Why is the training accuracy so low?
This is because your model is underfit. Few of the reasons for this could be,
- you might be using small learning rate.
- your model architecture is simple (small) and not big enough to recognize patterns from the data. Try increasing layers.
- try removing regularization if any.
As per the best of my knowledge and assumptions, I think following could be some of the reasons for validation accuracy to be higher than training accuracy. You might consider investigating in these areas.

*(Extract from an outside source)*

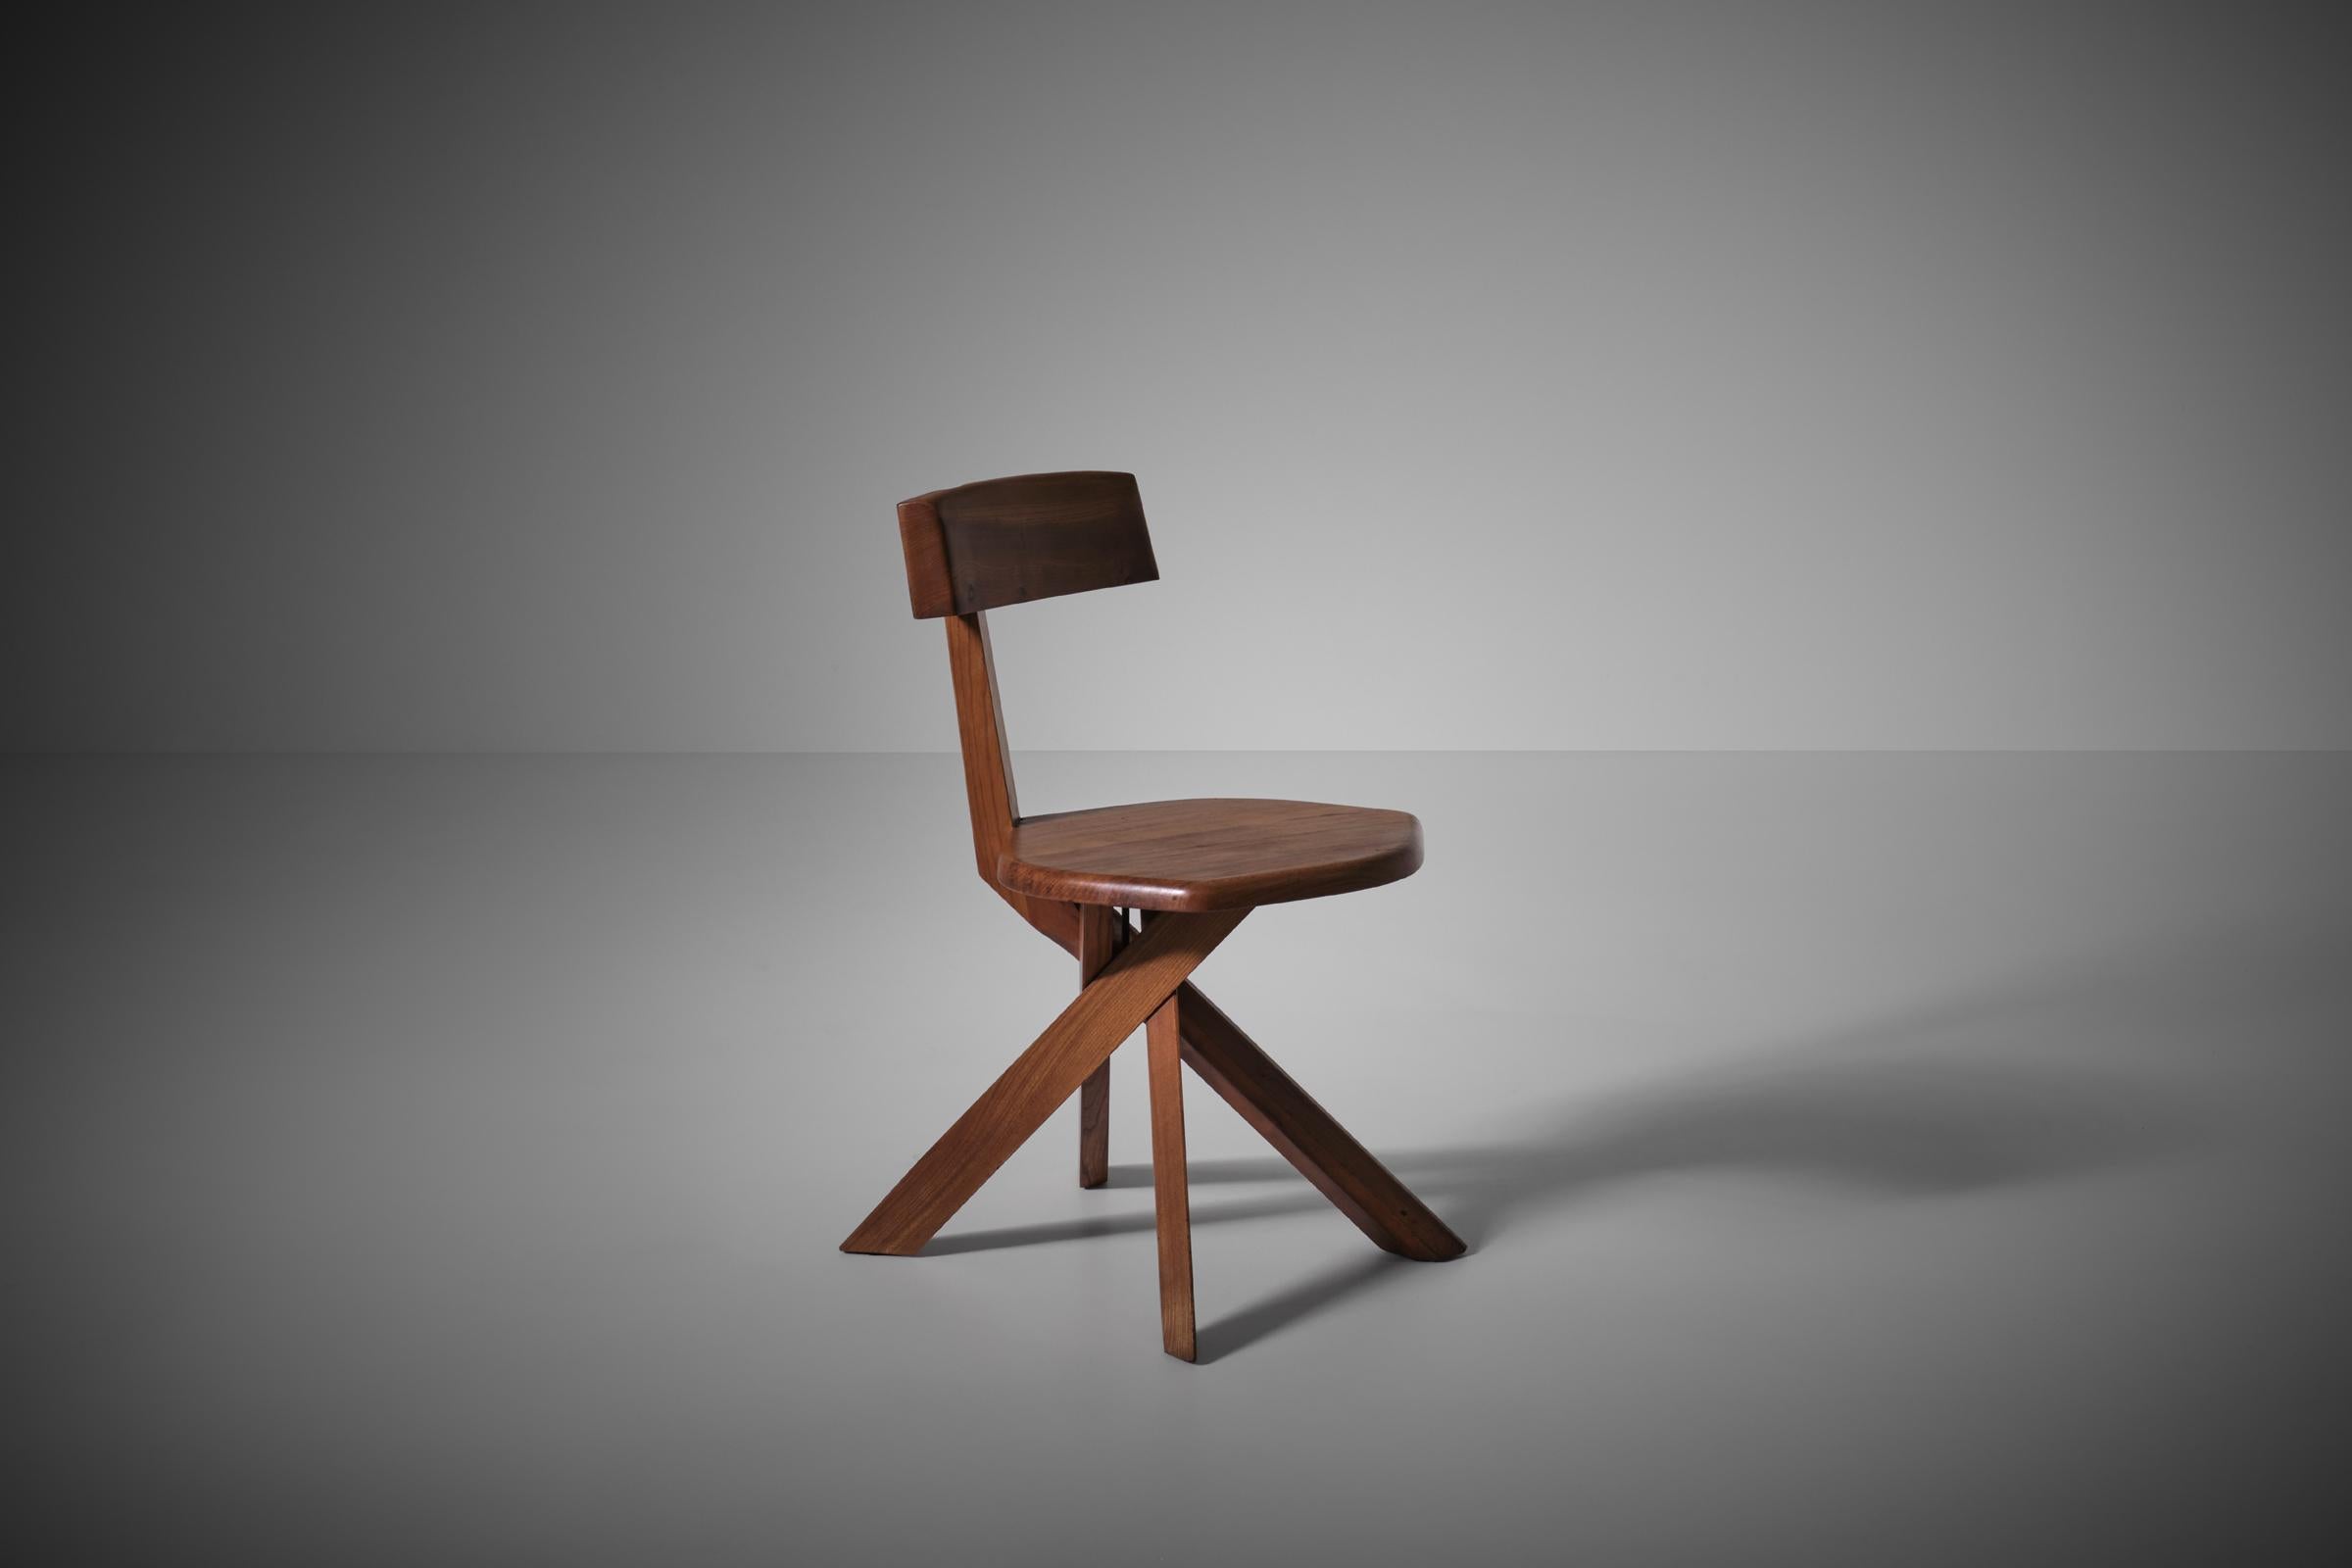 Sculptural chair model ‘S34’ by Pierre Chapo, France 1960s. Remarkable design with the turned asymmetrical base, which is also used for table series - one of the best pieces by Chapo. The chair is made in solid Elm with a beautiful exposed grain and

The dataset domain might not be consistent? This means that there might be different types of images present in you dataset. For some images (or a type of images) the model is able to learn correctly (as a result ~ 50% accuracy on train set). And for the rest of the images the model is getting confused i.e. it is difficult for the model to recognize these other 50% images. And there might be a possibility that the particular type of images that are easier for model to recognize are present in the validation set. You can ensure that the domain of train and validation sets is same.
The dataset might not be properly split? This means the domain might be consistent but the dataset has imbalanced classes? There might be a possibility that the train set might contain some classes having more instances (majority classes) and some classes having very less instances (minority classes). Generally, model gets a hard time recognizing these minority classes, hence less train accuracy. And perhaps the validation set is containing only majority classes, which are very easy for the model to recognize.
What does it mean, that the validation accuracy of the pretrained algorith is so much higher as the other one? Does it mean the pretrained is two times better then the one trained from scratch?
Yes, it means given unseen 800 images to both of the models, the pretrained model predictions are two times better then the one trained from scratch.
Edited as per the suggestion from Nikos M.